▶ Problem details
Reproduce the data below in full and exclude every picture.

▶ Data excerpt
=== Begin Enclosure ===

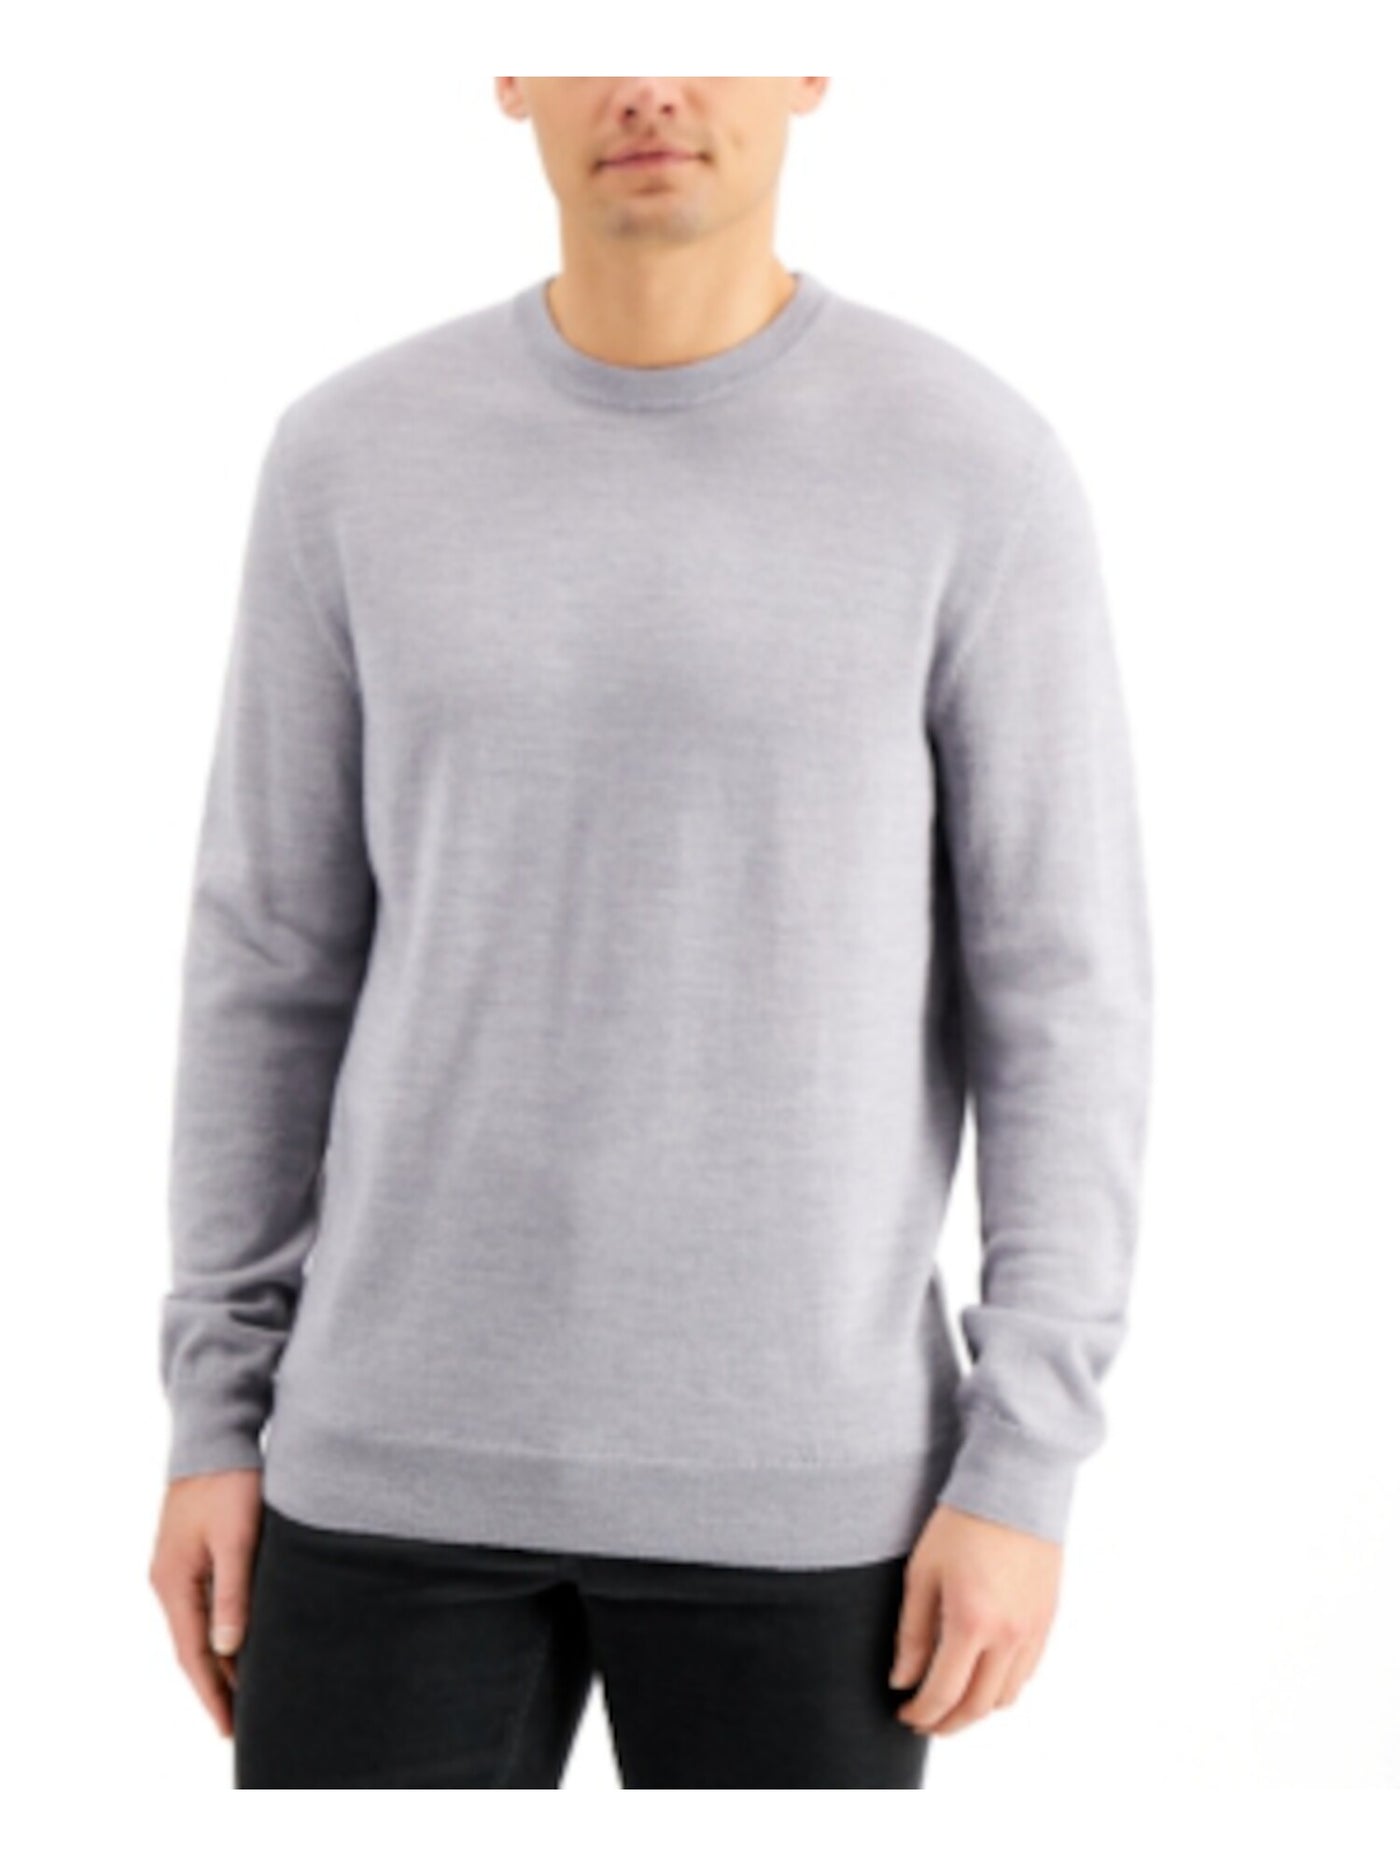 CLUBROOM Mens Gray Crew Neck Pullover Sweater XXL
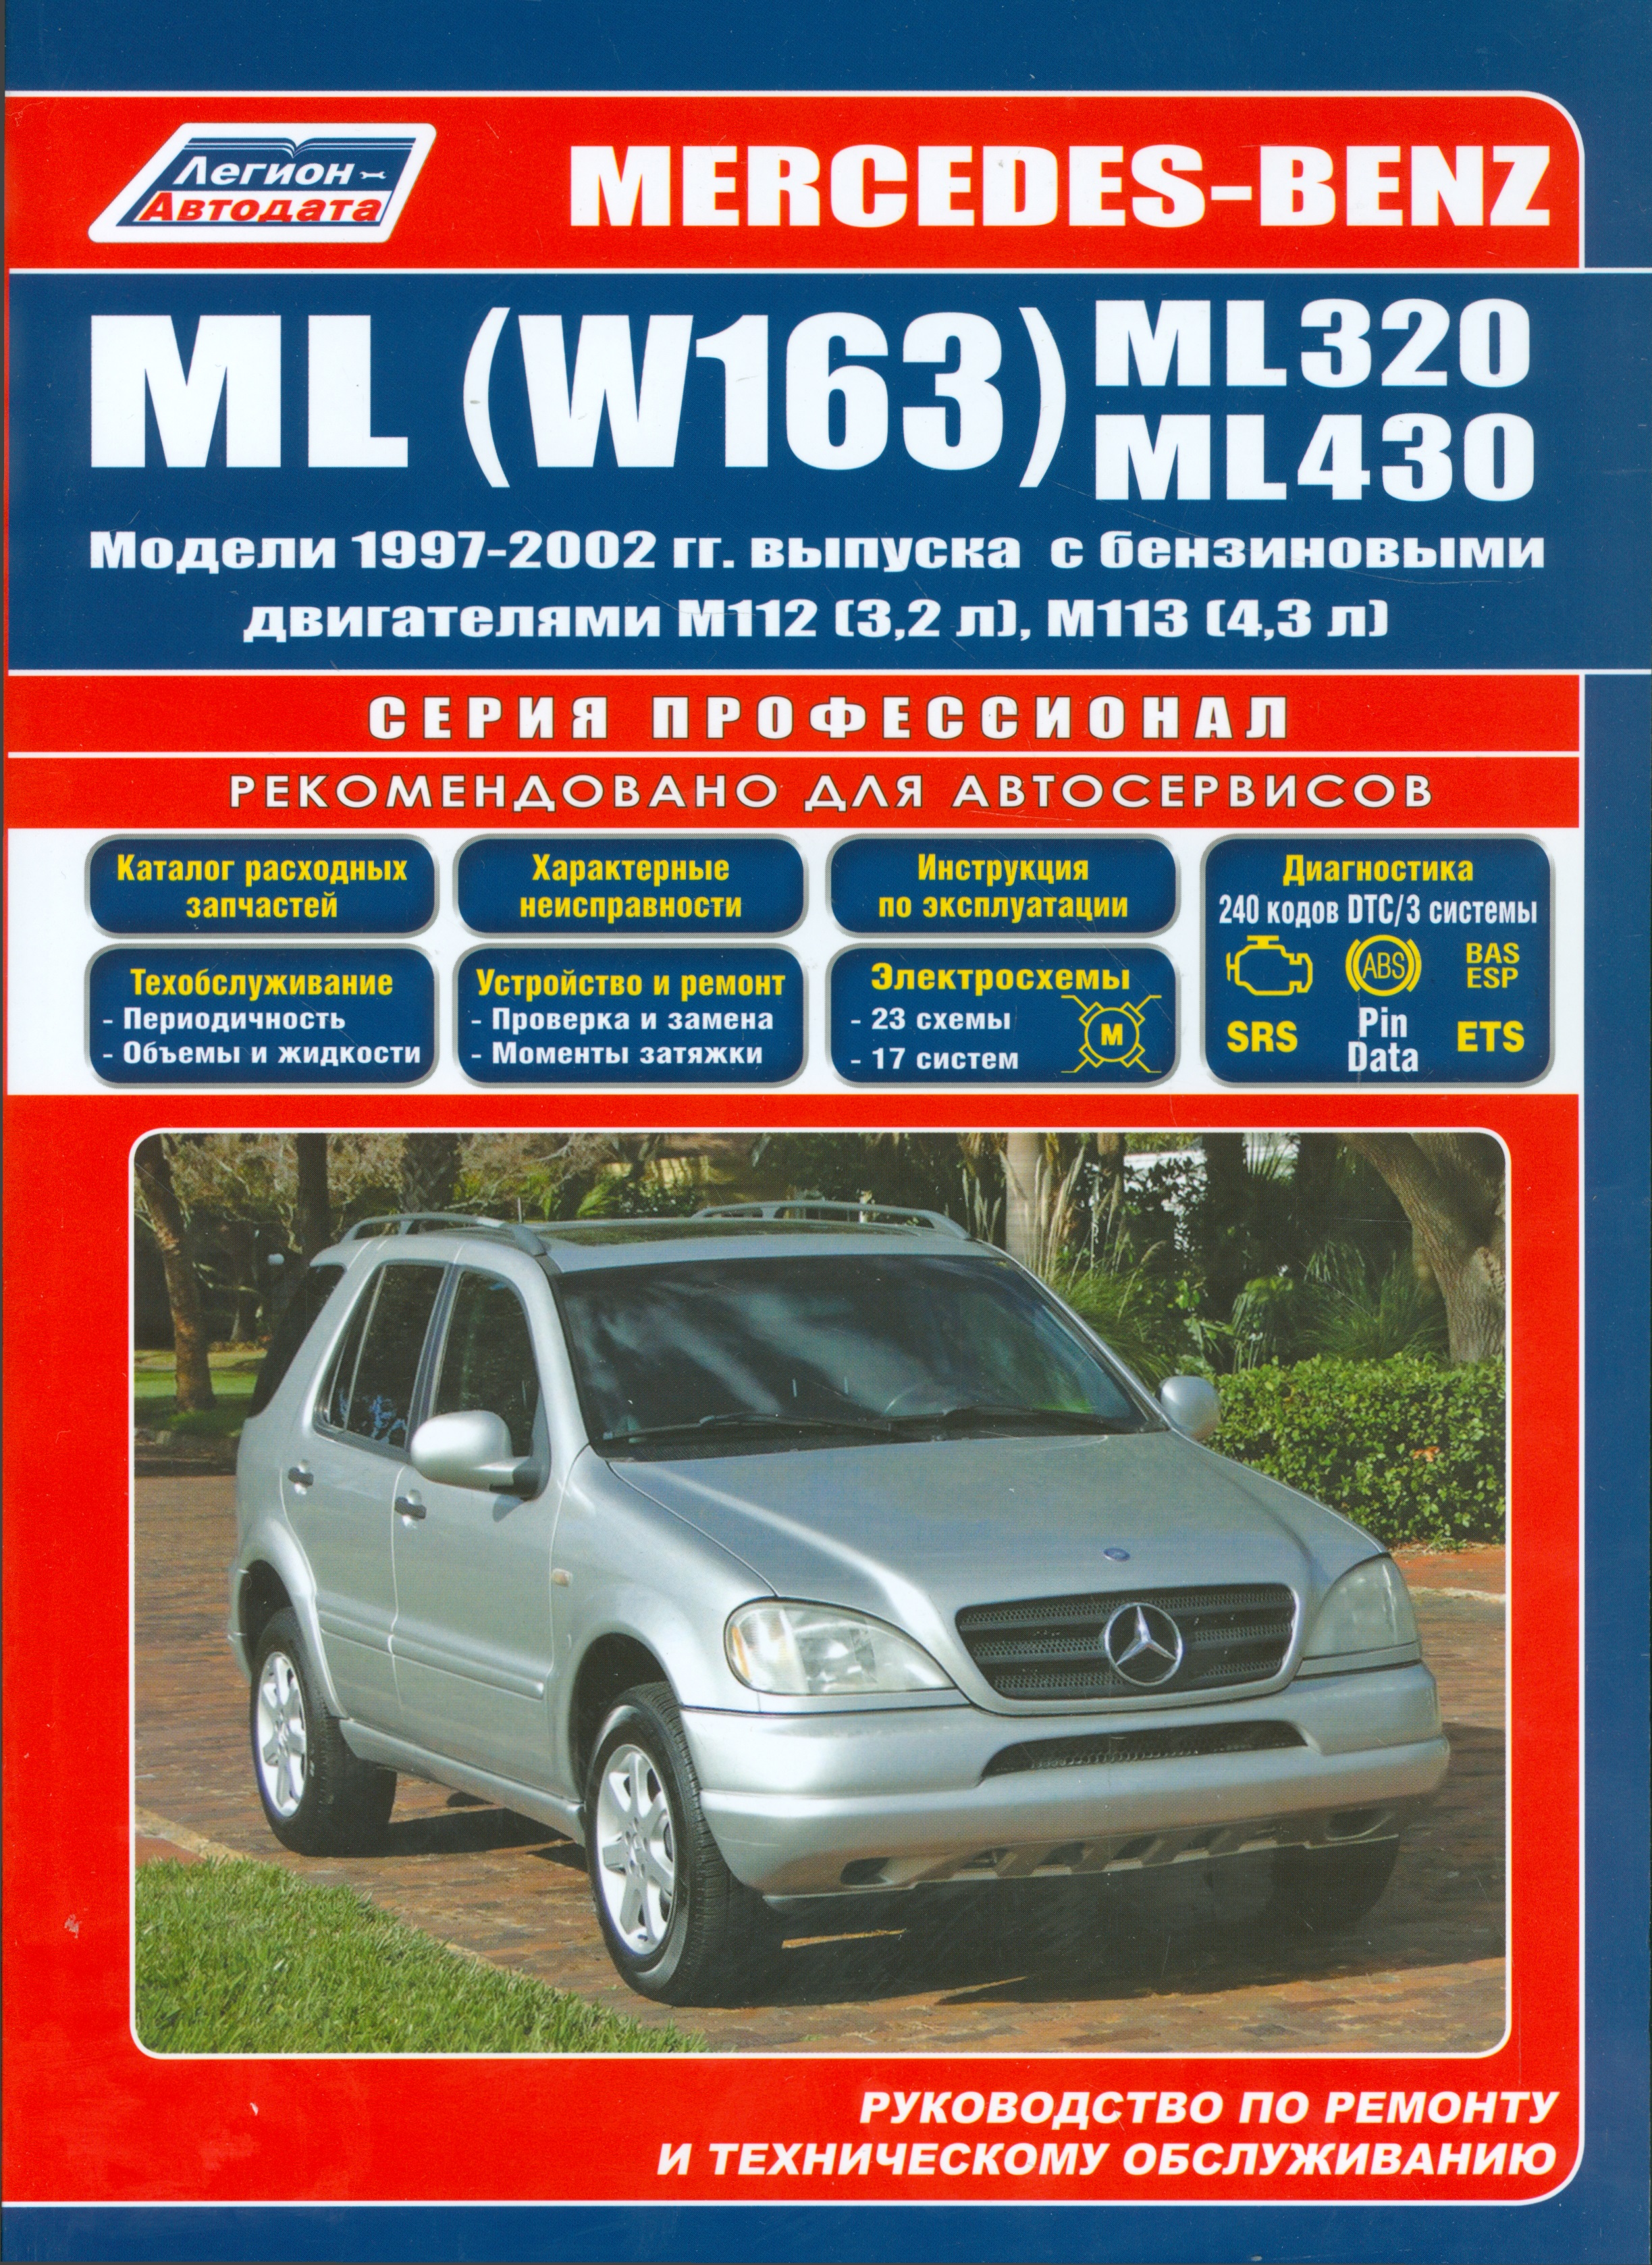 Mercedes-Benz ML (W163) ML320 ML430 Мод. 1997-2002 гг. вып. С бенз. (мПрофессионал) датчик абс mercedes m class ml55 ml230 ml270 ml320 ml400 ml430 ml500 delphi арт ss20342
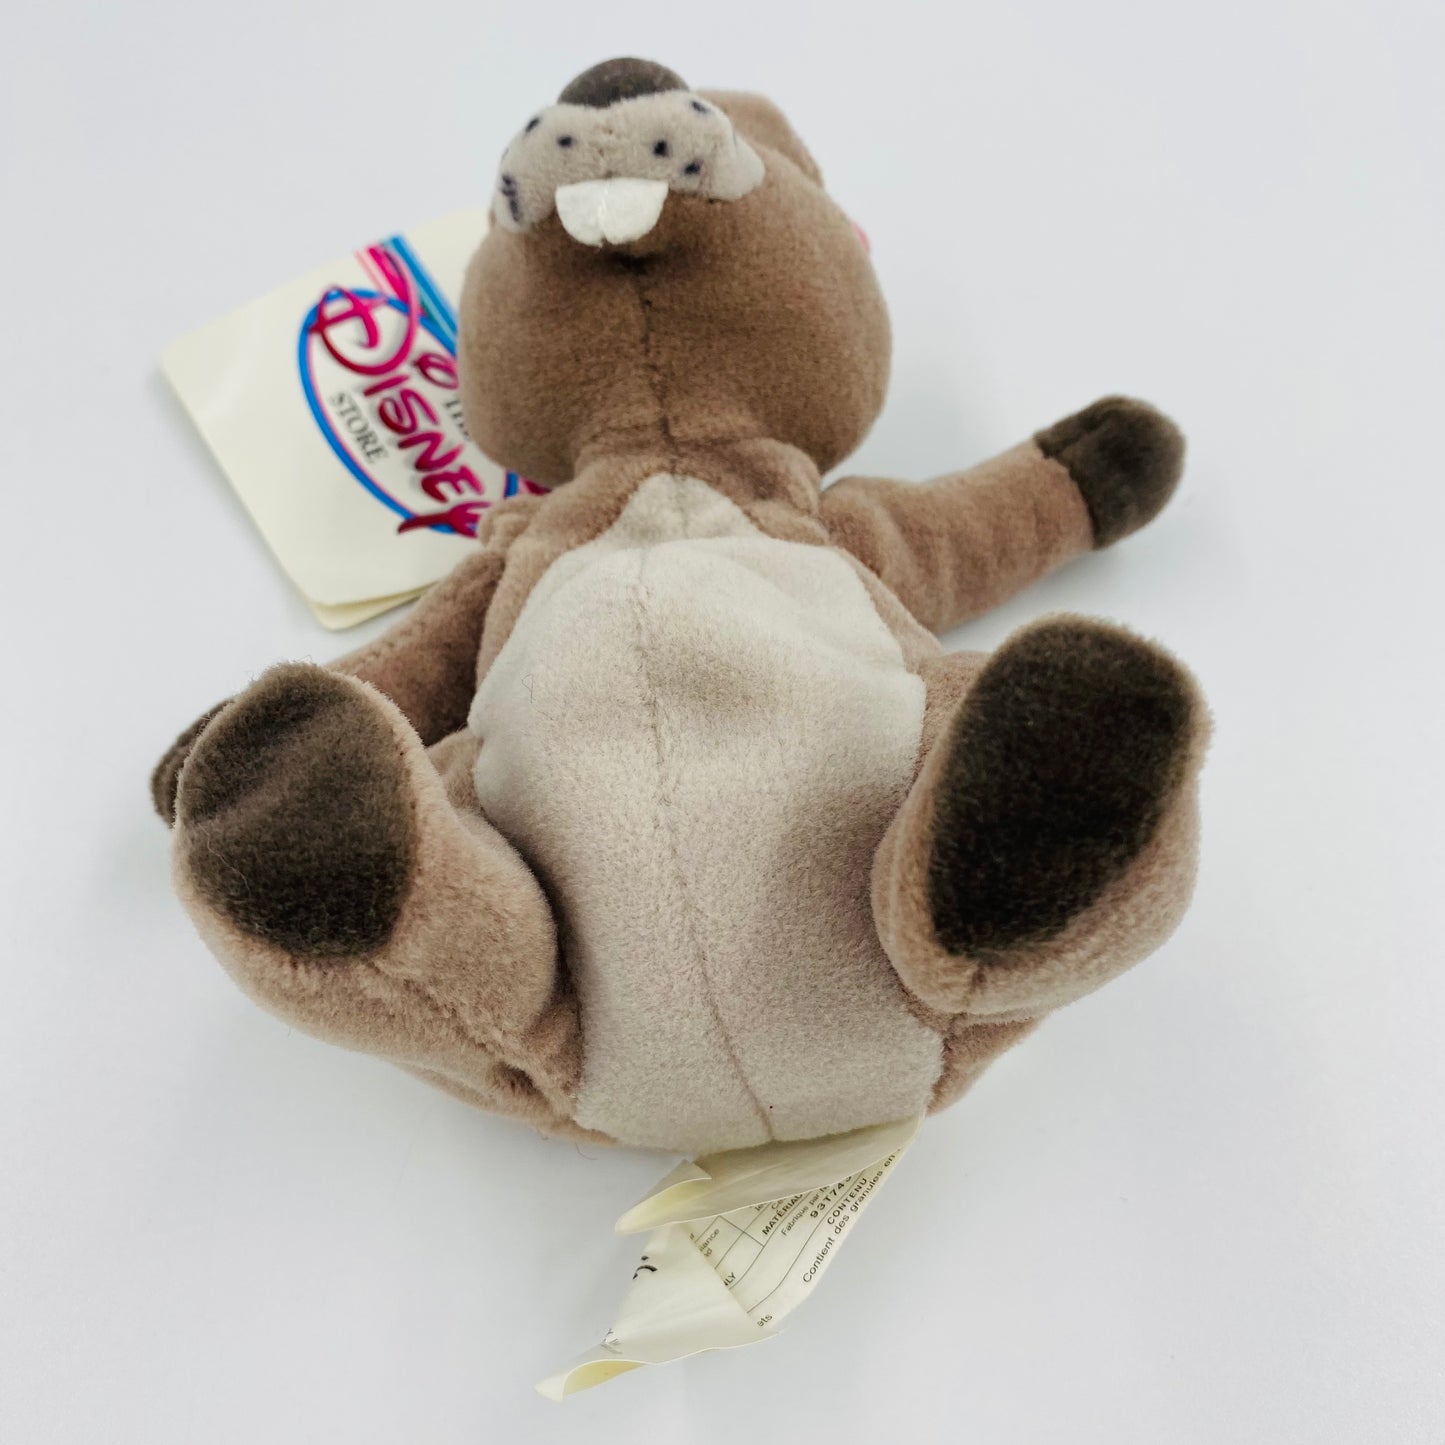 The Disney Store Winnie the Pooh Gopher mini bean bag plush

=== End Enclosure ===

▶ Answer to the problem
 CLUBROOM Mens Gray Crew Neck Pullover Sweater XXL
 Mercedes-Benz ML (W163) ML320 ML430 Мод. 1997-2002 гг. вып. С бенз. (мПрофессионал) датчик абс mercedes m class ml55 ml230 ml270 ml320 ml400 ml430 ml500 delphi арт ss20342
 The Disney Store Winnie the Pooh Gopher mini bean bag plush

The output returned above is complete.